# Alignment/suspension ?



## mobbs (Aug 26, 2010)

Alright so admittedly I don't know as much about this machine as I'd like, so here is my issue.
Whenever I drive more than 60 mph the car starts to quake. I've also noticed that it seems to pull a bit harder to the right than it should at lower speeds.

This told me it was an alignment problem, but then again I'm not a mechanic so I wouldn't know. Anyways, took it in to a Meineke to get the alignment done. After the computer ran its tests when the GTO was hooked up to the computer/machines it ran all green so the mechanic came back and told me nothing was wrong with the alignment and that was that. 

So - what could be wrong with it? Certainly this can't be normal, shaking vehicle at 60+ mph...it's never happened to any of the vehicles I've owned before. Next I'm thinking its a wheel balance issue but then again I could be wrong - again - and might have to end up paying $75 in labor costs for no reason so I'd like some expert help.
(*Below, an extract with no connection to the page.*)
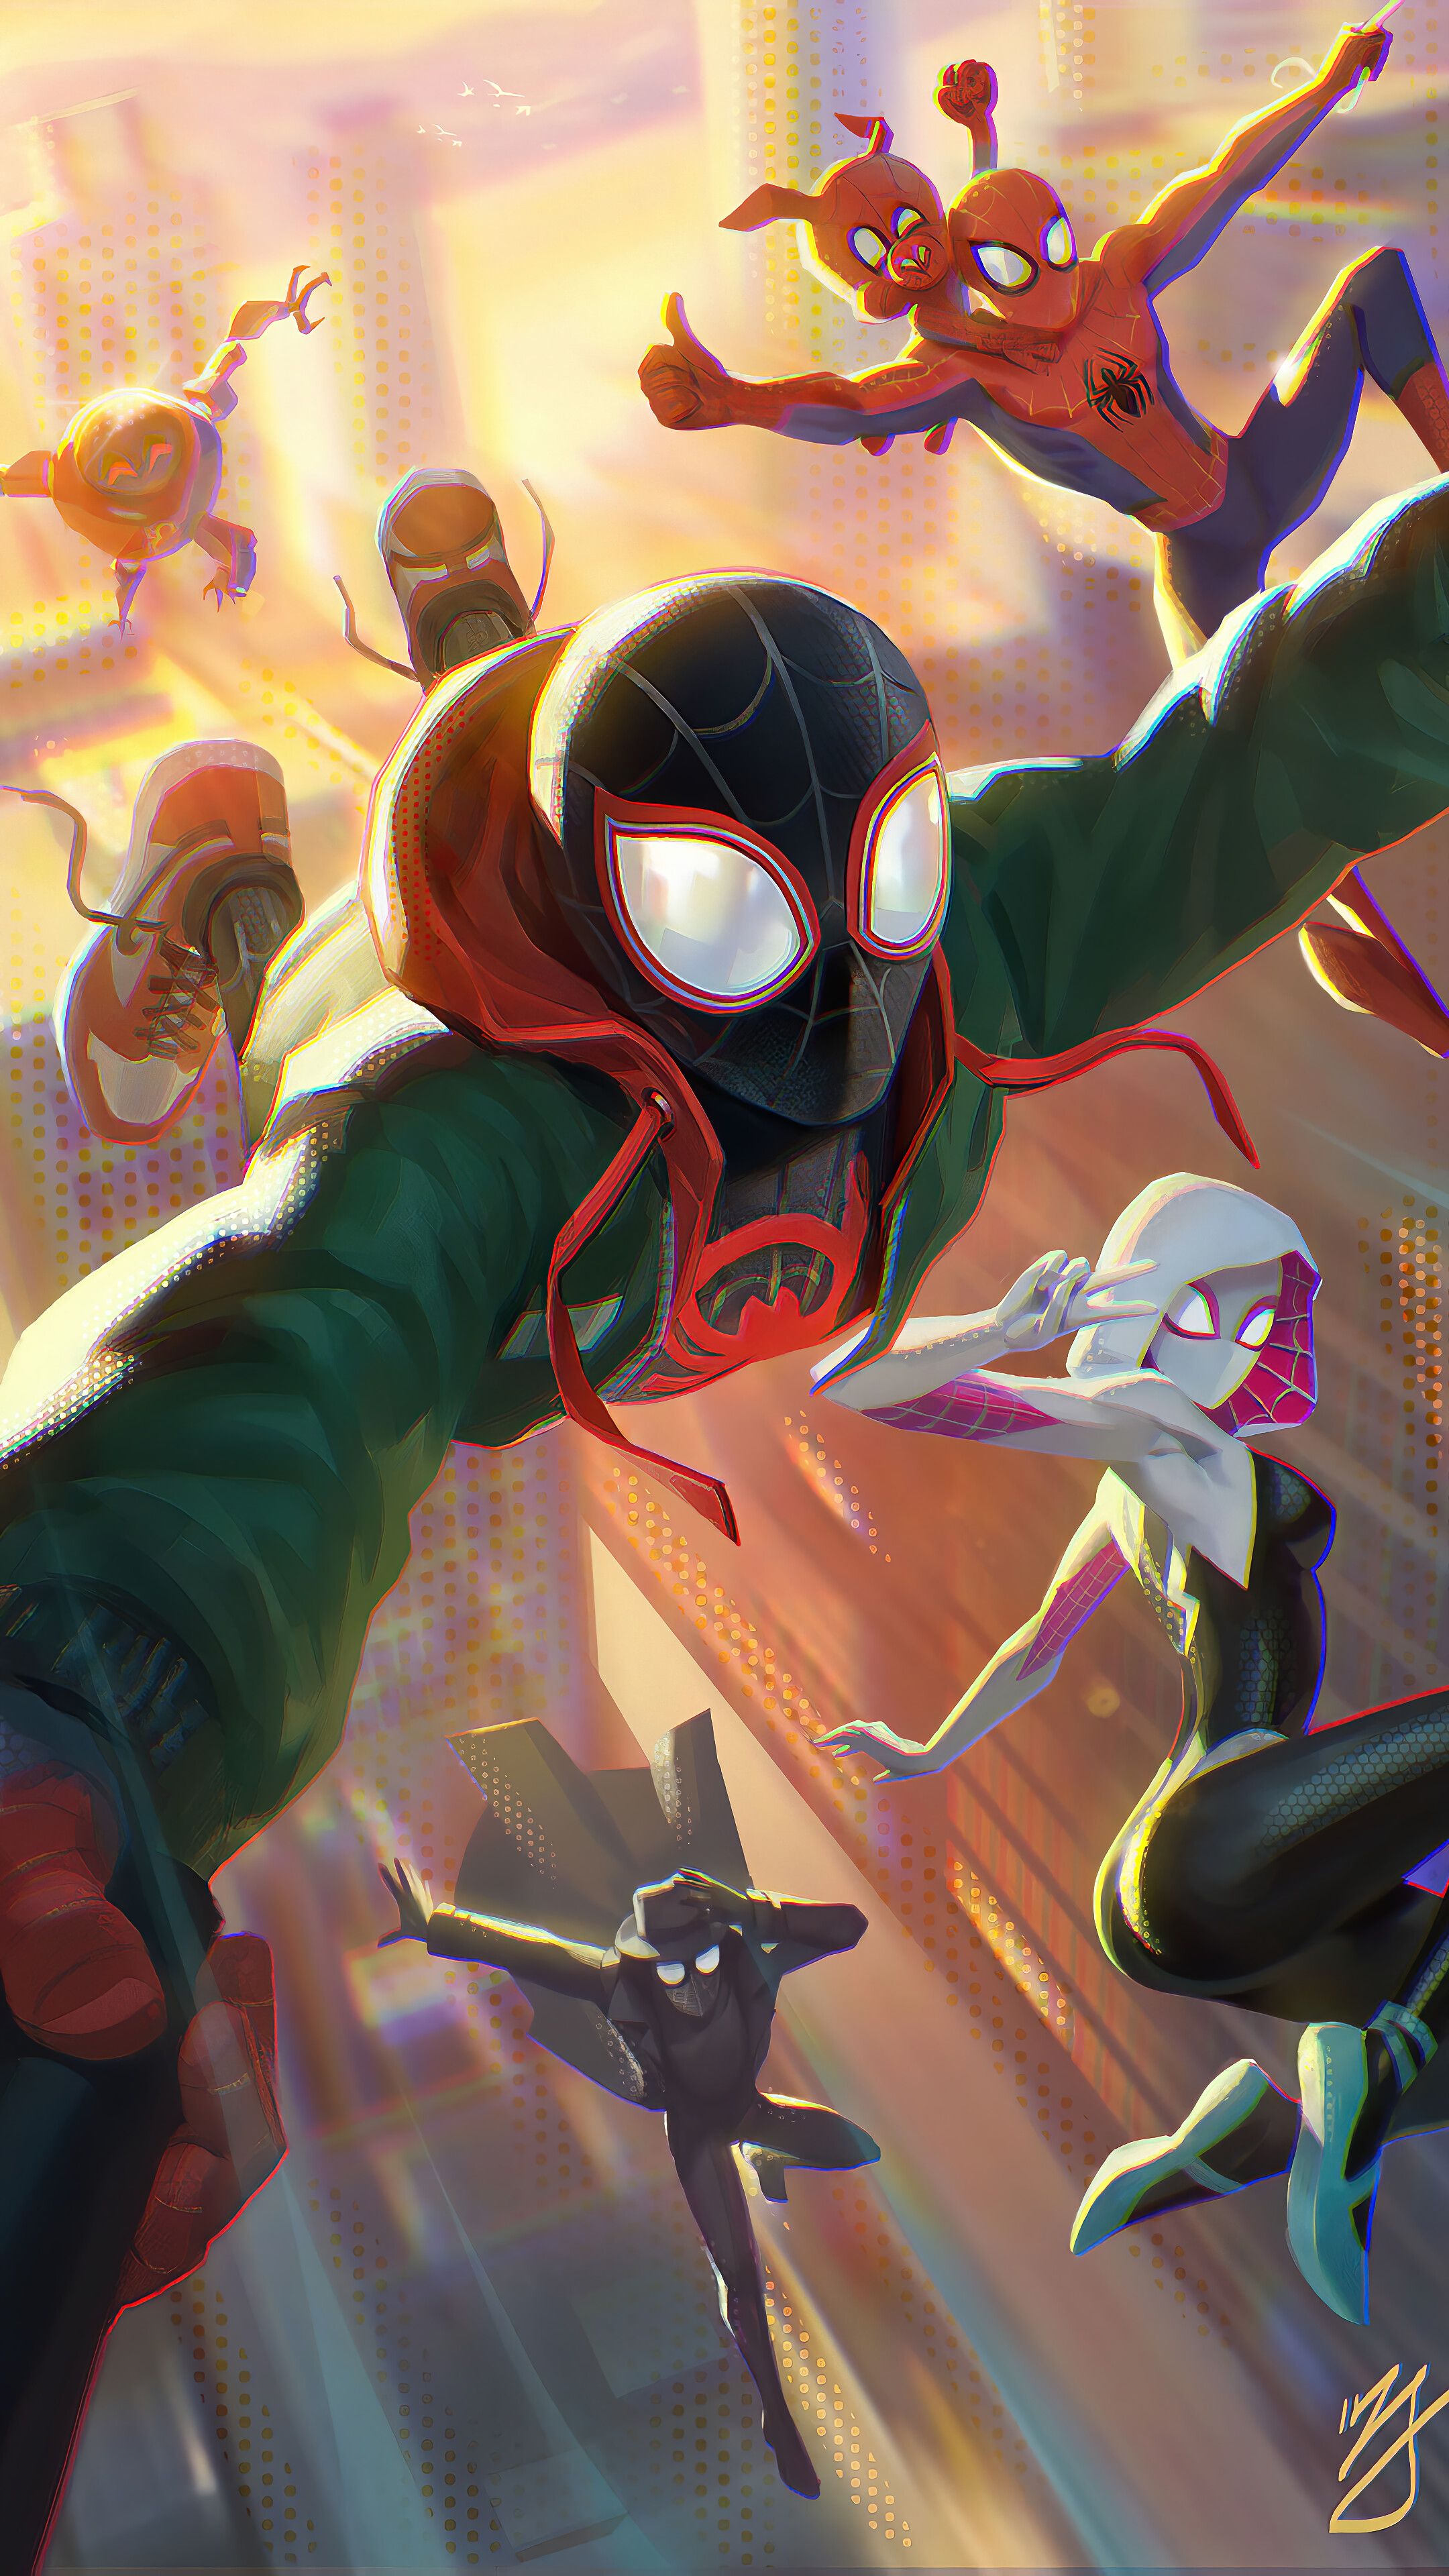 Marvel's Spider-Man: Miles Morales Wallpaper 4K, PlayStation 5

By the way, this is an 05' 6.0L GTO.


----------



## 87GN06GTO07IRL (Aug 10, 2009)

Everything you said check first. Check for bad bushings too.


----------



## silversport (Mar 23, 2007)

_*Road force balancing*_ if you go that route...or your tires could be out of round (me BF Goodrich tires were)...
Bill


----------



## mobbs (Aug 26, 2010)

it was a balance issue, got it running smooth now. thanks all.


----------